In any case, the wheels of the cardinal's transfer from the church's lead tribunal have been in motion for over a year. From the first months after Francis' election, as Burke went unconfirmed by the new Pope at the Signatura, Whispers ops indicated the top canonist as a top choice to become Grand Master of the Equestrian Order of the Holy Sepulchre once Cardinal Edwin O'Brien reached the retirement age of 75 last April.

Much as that match would've killed two birds with one stone as the US boasts the lion's share of the millennium-old order's membership and Burke's well-known homesickness for the States, the prospect would've inevitably been shot down by Francis' domestic brain-trust, for whom even a Rome-based foothold on these shores for Burke was still too close for comfort. In the end, Burke now becomes the first non-European to serve as chief chaplain of the thousand-year-old Order of Malta, which is always headed not by a cleric, but a celibate layman elected in a Conclave who holds the title Sovereign Prince. (The current Prince-Grand Master is Fra Matthew Festing, the second Englishman to occupy the office.)

Having taken the unorthodox step of confirming reports of the Malta move in an on-record interview during the Synod, just last weekend, Burke was the star attraction in St Peter's for one of his favorite causes, as he celebrated Mass in the Extraordinary Form to close an international pilgrimage of devotees of the pre-Conciliar liturgy.

In a pointed message to the gathering, the now Pope-emeritus Benedict expressed his pleasure at the "full peace in the church" which he restored to the Tridentine books with 2007's Summorum Pontificum, adding his praise that the rites were being "celebrated by great cardinals."
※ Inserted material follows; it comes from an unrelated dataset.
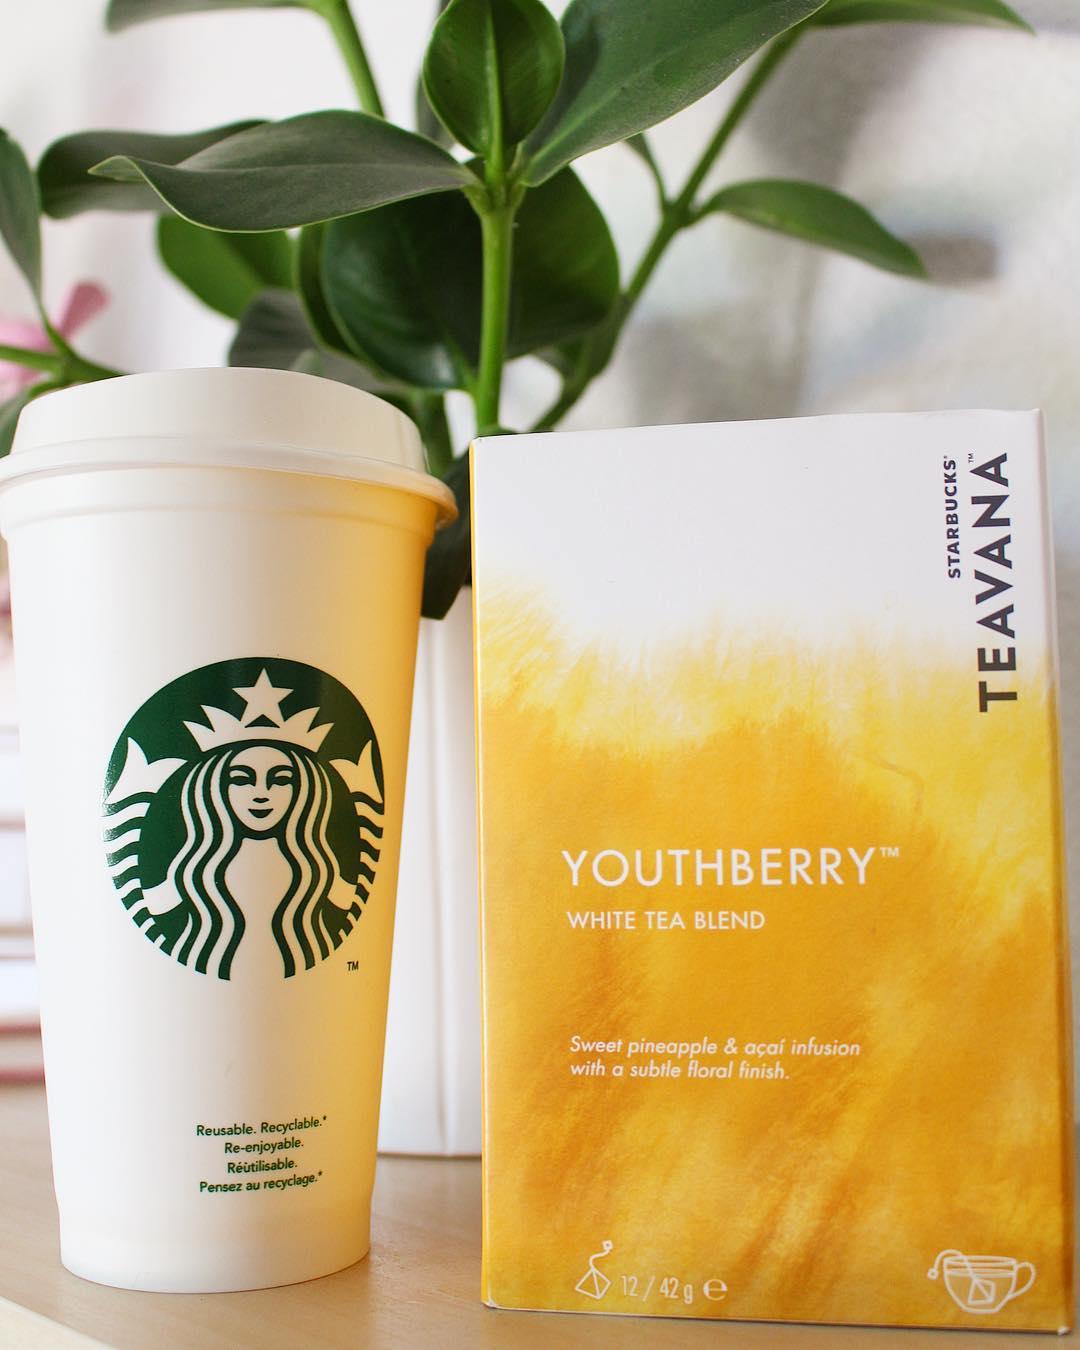 Et oui @starbucksfrance fait aussi du thé ? On goûte ! Merci Starbucks Montpellier ??☕️ . ➕ STARBUCKS • coffee shop ?Montpellier (34)?? . __________ #starbucks #starbuckscoffee #starbucksmontpellier #montpellier #barista #torrefacteur #cafe #coffee #pintademontpellier #blog #blogueuse #coffeeshop #tea #whitetea #teavana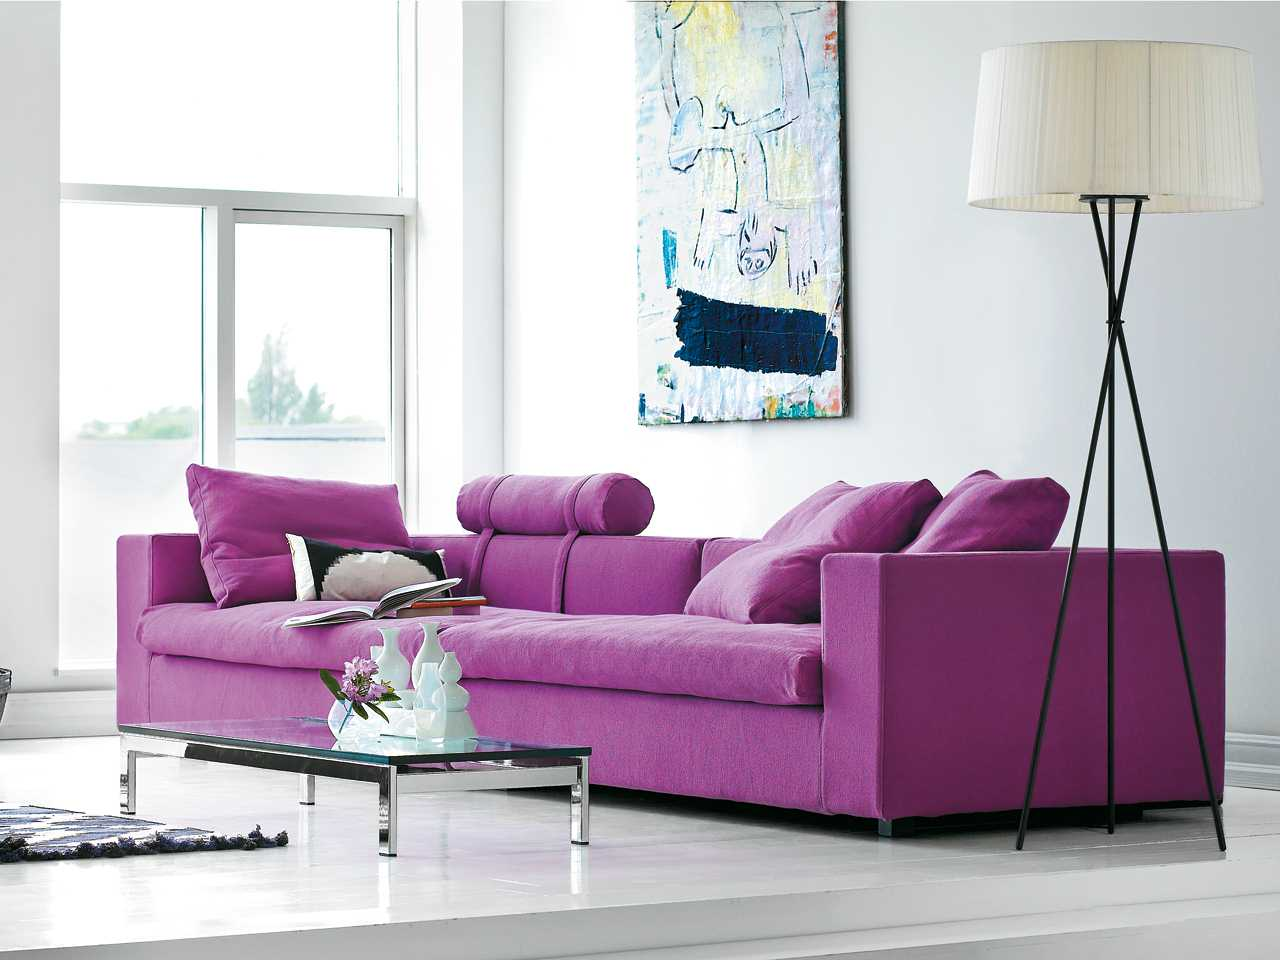 Canapea mov cu lampadar metalic negru cu abajur alb si masa din sticla cu suport metalic

With Burke's effective demotion, for the first time in three decades, no US prelate leads an office of the Roman Curia as traditionally understood. As Francis' reform of the governing apparatus is expected to roll out in early 2015, it nonetheless bears reminding that – alongside his seat on the Pope's supreme council of nine cardinal-advisors – Boston's Cardinal Seán O'Malley OFM Cap. now heads up the newly-created Pontifical Commission which reports directly to Francis on the church's response to clergy sex-abuse and the care of survivors.